Julia Louis-Dreyfus broke through in Hollywood thanks to her portrayal of Elaine Benes on Seinfeld, but her character wasn’t always given much to do in the early days of the show. In an interview with The Daily Beast, the actor revealed how she regularly advocated for Larry David and Jerry Seinfeld to write more material for Elaine.
“I never really approached it from the perspective of my gender, per se. I wanted to just play ball with everybody,” Louis-Dreyfus said about her attitude toward the role after she was not in the pilot. “I’m not going to lie, in the beginning, I didn’t always have a lot to do in certain episodes. And I would go to Larry and Jerry multiple times and say, ‘Hey, you guys, write me more, I need to be in this show more.’ That’s what I just kept doing.
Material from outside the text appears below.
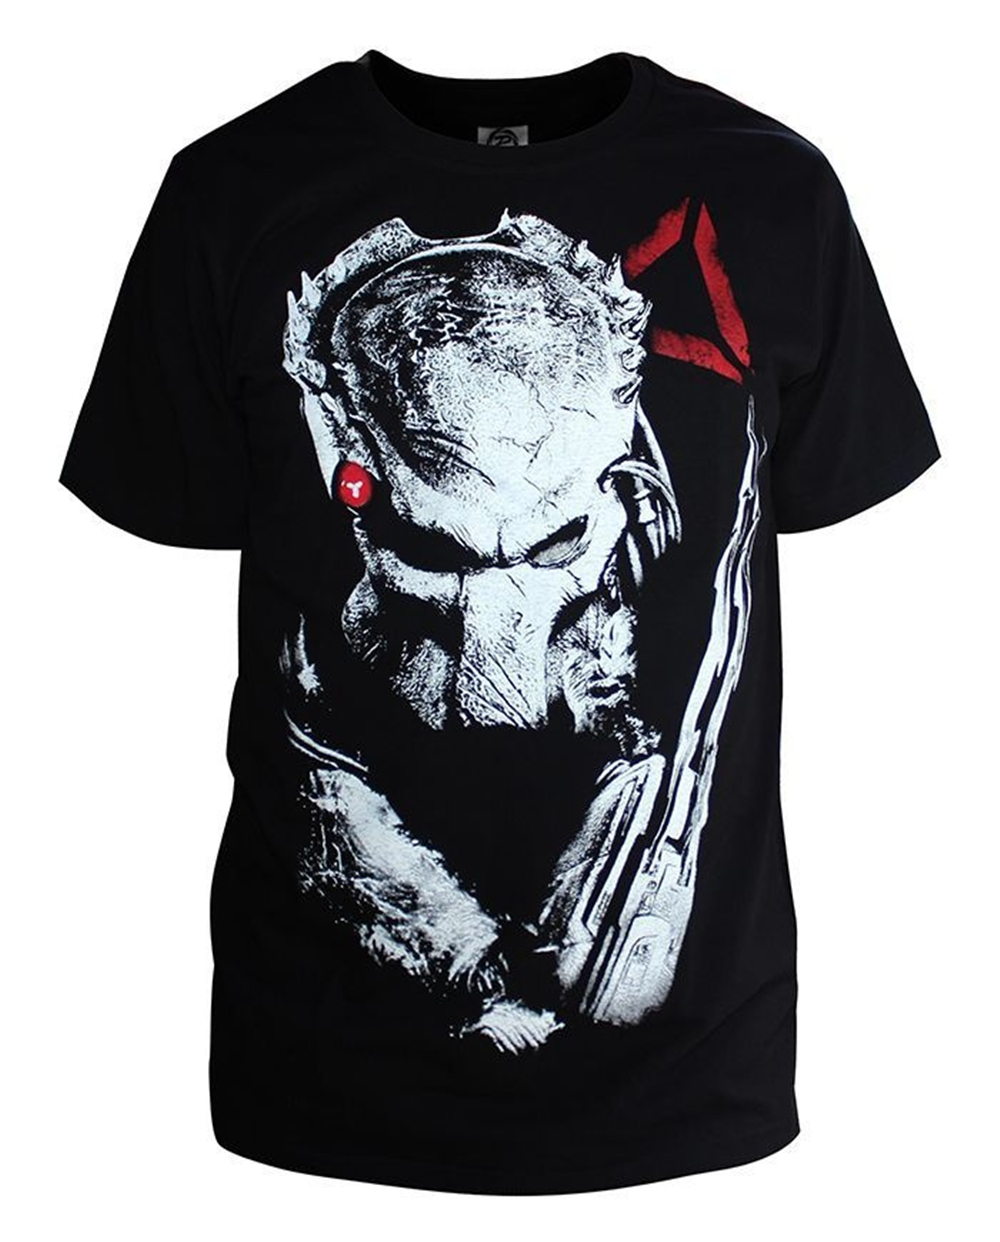 Adult Men Tops Classic Predator T-shirt Tops Cosplay Men Women Shirt Summer O-neck Short Sleeve Predator Shirt Tee

And they did.”
The two-part finale of Seinfeld Season 4, titled “The Pilot,” actually alludes to their difficulty with writing for a woman, but Louis-Dreyfus doesn’t think that was necessarily the case. “But then, you see, they didn’t write for me as a woman,” she said. “They just wrote for me, for this character, as opposed to this gender, which I think is instructive in a lot of ways from a writing point of view.”
In a separate interview with Rolling Stone, Louis-Dreyfus recently dismissed the idea of the “Seinfeld curse,” which was used to describe the alleged lack of success for the show’s stars after it ended in 1998. “It was invented by the media. They thought it was clever,” she said. “You don’t need me to prove it wrong, it was ridiculous! It made no sense. I was amazed that it had legs, because it was so moronic.”
Louis-Dreyfus undeniably has had post-Seinfeld success by starring in a pair of Emmy-winning shows: her CBS sitcom The New Adventures of Old Christine and the HBO political satire Veep. Her latest film, You Hurt My Feelings, hits theaters on May 26th.